Given those guidelines, what would your design criteria be?
Mine would be redundancy, redundancy, redundancy!
How many commodity priced motherboards do I need to support the failure rate?
How many parallel paths into the “Enabling” Units of Technology do I need to provide redundancy and acceptable performance given the known failure rate of commodity priced JBOD?
How do I manage this?
How do I build enough internal bandwidth into these “boxen” to support the bandwidth requirements of all the failovers?
The fallacy of all this is obvious.
Competition has given us really great automobiles at ridiculously low prices, relative to the engineering in them. I can remember when I had to check the oil, the water, the battery, the tires before starting my automobile each morning. I never look under the hood now.
People want the same thing with Storage.
Hi Robin,
I think you have this particular Alex (one and the same who left the previous comment on this article) confused with someone else.. 🙂
I’m actually a professional in the IT Services industry. One of my remits is looking at efficient (cost-effective) storage for my company.
Thanks for the link back to your previous article; must have missed that at the time. Very helpful 🙂
Alex,
Oops! Please pardon my leaping to a Google-powered conclusion. I should be more sensitive to the issue since if you Google “Robin Harris” you might conclude I am a dead comedian.
Richard,
I’ll also point you back to Killing With Kindness: Death By Big Iron. While there are certainly trade-offs when moving to a new architecture, a substantial cost advantage can be a powerful motivator. Inevitably, cost predictions are risky, which is why CFOs put much more emphasis on capital cost savings than the frequently mythical operating expense savings.

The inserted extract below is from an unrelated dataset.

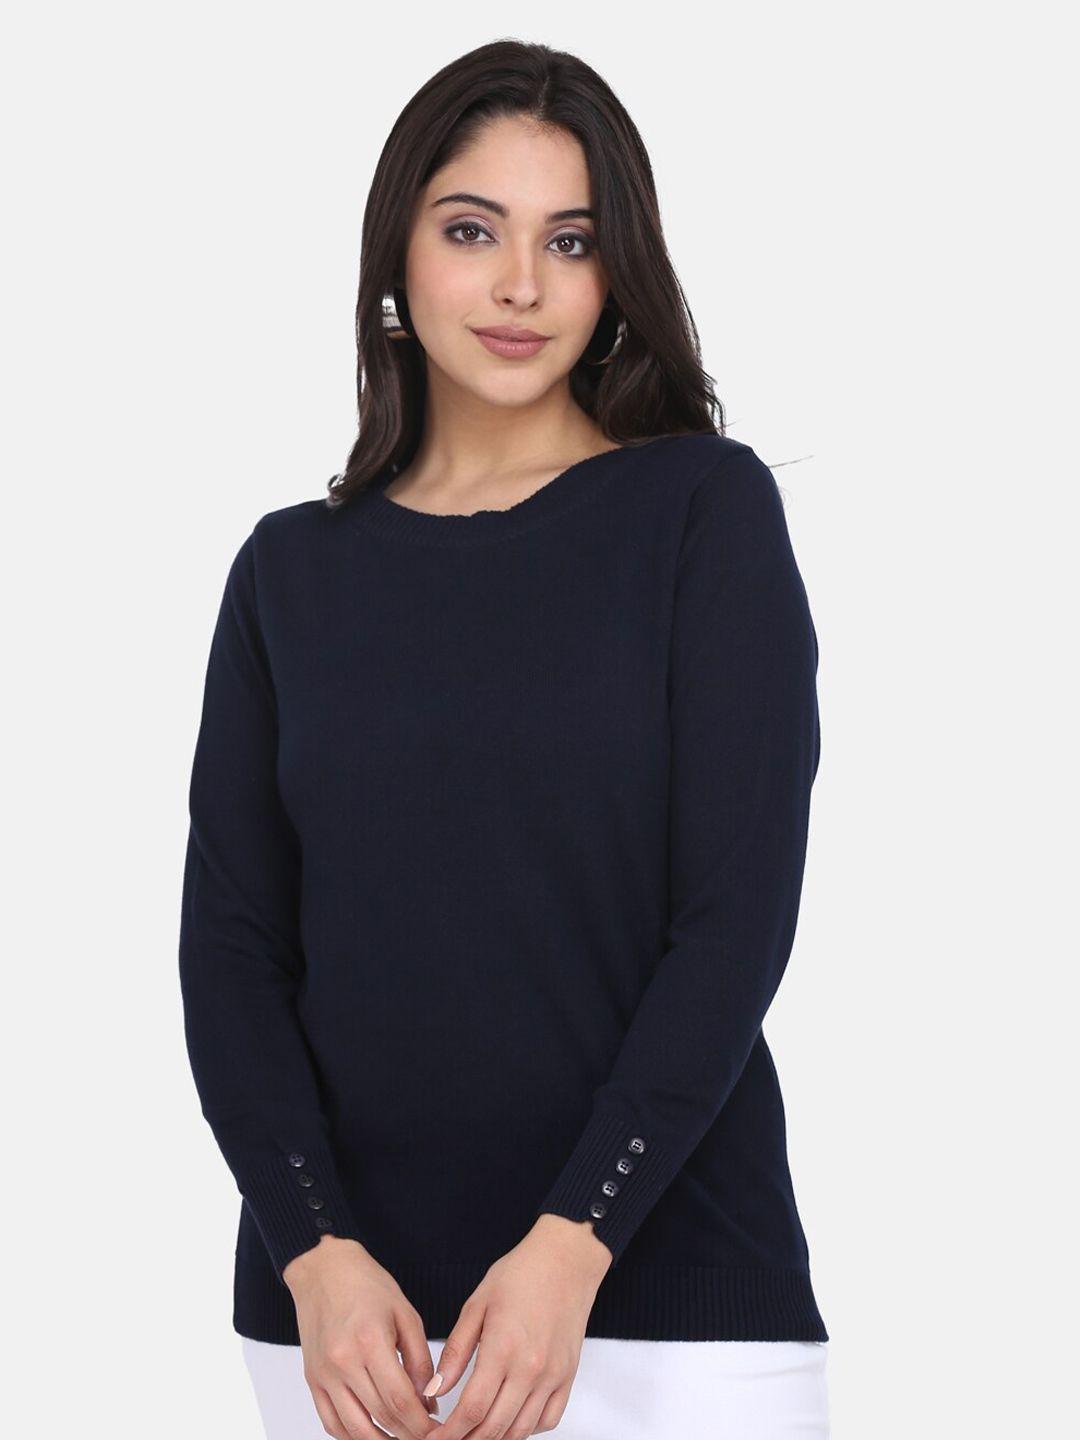 powersutra-women-navy-blue-solid-pullover

Your meaty comment deserves a longer response that is in itself a long article. I’ll be mulling that over the next few days.
Robert, you hit the nail on the head: utility storage. Cheap, reliable, and as nearly management-free as humanly possible. We’ll always have the F1’s, NASCARS and dragsters of storage, but your garden-variety data center wants a Toyota, not a Ferrari.
Robin
Come on, give us some units on that performance data!
Wes,
Good catch! I went back to the paper and, surprise! unless I’m going blind they don’t list the performance units either! Freaky.
But I’ll go out on a limb and guess that the measurement is in seconds. I don’t do a lot (ok, any) compiling, so you tell me: does compiling 177 MB of Linux source in 5 minutes sound about right?
Robin
Yes, I would guess seconds. If they’re getting 316MB/s that’s pretty awesome. 🙂